A lot of my friends reading this would argue that there is already awesome, high performance storage available from EMC, HDS and/or NetApp. If they happen to be a EMC fan they would point to VMAX or VSP if they are a HDS fan. I am not overly happy with the way these storage have been performed compared to the Compute counterparts.
Can you guess what kind of storage does a super computer use?
A EMC VMAX or HDS VSP or a NetAPP FAS6200? Probably or probably not:
Do direct me if you find use cases of any of these products for HPC(High performance computing).
As the storage medium still remain hard disks or to a certain extent Flash drives(very expensive), purchasing the above storage array might satisfy the need for capacity but from a performance perspective they might not be able to deliver. In an enterprise storage array, Flash drive's capacity is low. So, even if one assumes to have sufficient capital to invest in Flash drives, we might end up filling up the whole array without even accomplishing a Petabyte of storage. So, how do we manage performance and capacity at the same time?
Auto-tiering can be an option but this might not be the solution as there is another layer of bottle neck in the front-end adapters whose throughput are limited. Also, the ratio of high-performance disk plays a vital role in cases where the 'hot data' is more than the available High-performance disks.
There is a company named DataDirect Networks(DDN) that manufactures high density - high performance storage arrays. They are in the HPC arena, so unless any of our clients work for the major stock exchange or a research company, the chances of working on these arrays is slightly low.
Here's what it does to super-boost performance: Have high density enclosures. This means, they are going to rack and stack more drives per enclosure, and hence more storage per rack. That does compensate capacity but for performance they believe there is no super powered storage medium yet that could improve performance and hence depend on the data striping to increase the IOPS and hence improve performance and capacity at the same time. The bottleneck that could be caused for Front end adapters are replaced by 16 x 56Gb/s Infiniband ports (VMAX has Max. 10Gb/s FCoE ports, 16 Gb/s of FC would be possible in the near future). Further reading: DDN SFA 12K.
Acknowledging Moore's law, 'the number of transistors on integrated circuits doubles approximately every two years', there is no such prophecy or even a satisfactory alternative theory or promise that could say that the data storage technology would be able to satisfy the current data growth.

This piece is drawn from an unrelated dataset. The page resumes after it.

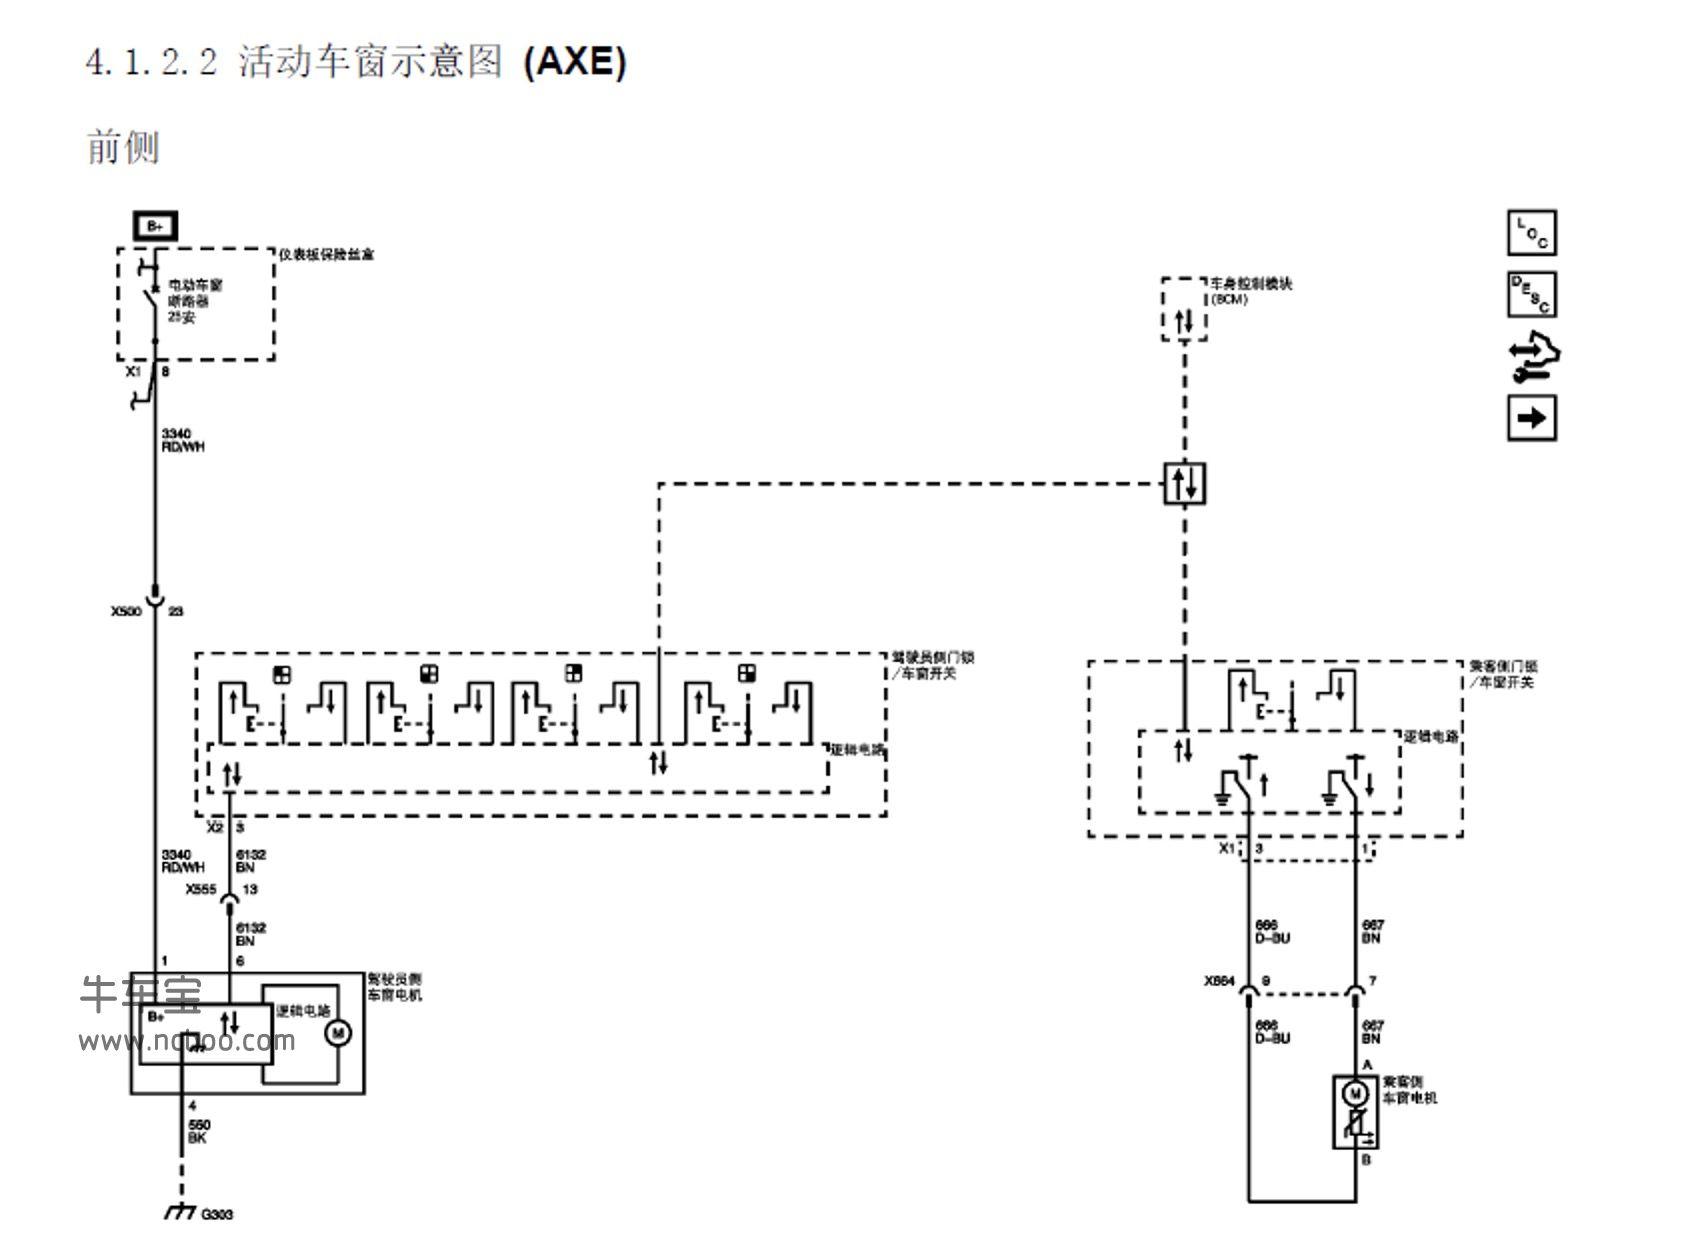 2009-2010款别克昂科雷原厂维修手册和电路图下载

To understand the depth of the subject it is quite important to know the fundamentals of data storage. I am going to rush through all of them in a glance. First of all, the need for binary. We use Binary system because it was easy to store(and many other reasons) two states: 0 or 1. In electronics this actually relates to positive or negative (magnetic flux in the Hard disk drive or the tape) or pits and lands in the field of optical medium(CD/DVD/Blu-ray) or the states of cells in Single or Multi Level Cell (SLC/MLC) for Flash Memory.
Let's wind the clock for few decades when digital data was absent commercially. But we still watched movies and spoke over the phone.
Movies and music were stored in magnetic tapes. We used Video Cassette Player(VCP/VCR) to view them. Automated long distance telephone calls were possible without the need for an operator to perform the switching. Basically, everything were analog and the transformation to digital lead to the need for search for devices to store digital data.
The history of data storage doesn't depend on the way in which data is written but actually how it is read - electronically. The first step would be able to read the contents, next to modify the contents (how many times?) and then finally to read the contents again.
No matter DDN managed to provide performance and capacity bundled satisfactorily to a certain extent. They still have to depend on HDDs. Unless we find an alternate storage medium, we would simply be working around the problem and not actually solve it.
So here are few alternatives that are still under-development and will take some company with a lot of money to invest in developments.
Holographic Storage/Nanotechnology: There are numerous research underway in the field of nanotechnology, some under serious consideration while some in the beginning phase but the good news is there is great possibility of nano tech storage to be the next generation storage.
Blu-ray disc are the commercially available high density portable storage medium. The high density of storage capacity of 50GB (from 700MB of CD and 4.7GB of DVD) was achieved by using a Blue laser that allows information to be stored at a greater density than is possible with the longer-wavelength red laser used for DVDs.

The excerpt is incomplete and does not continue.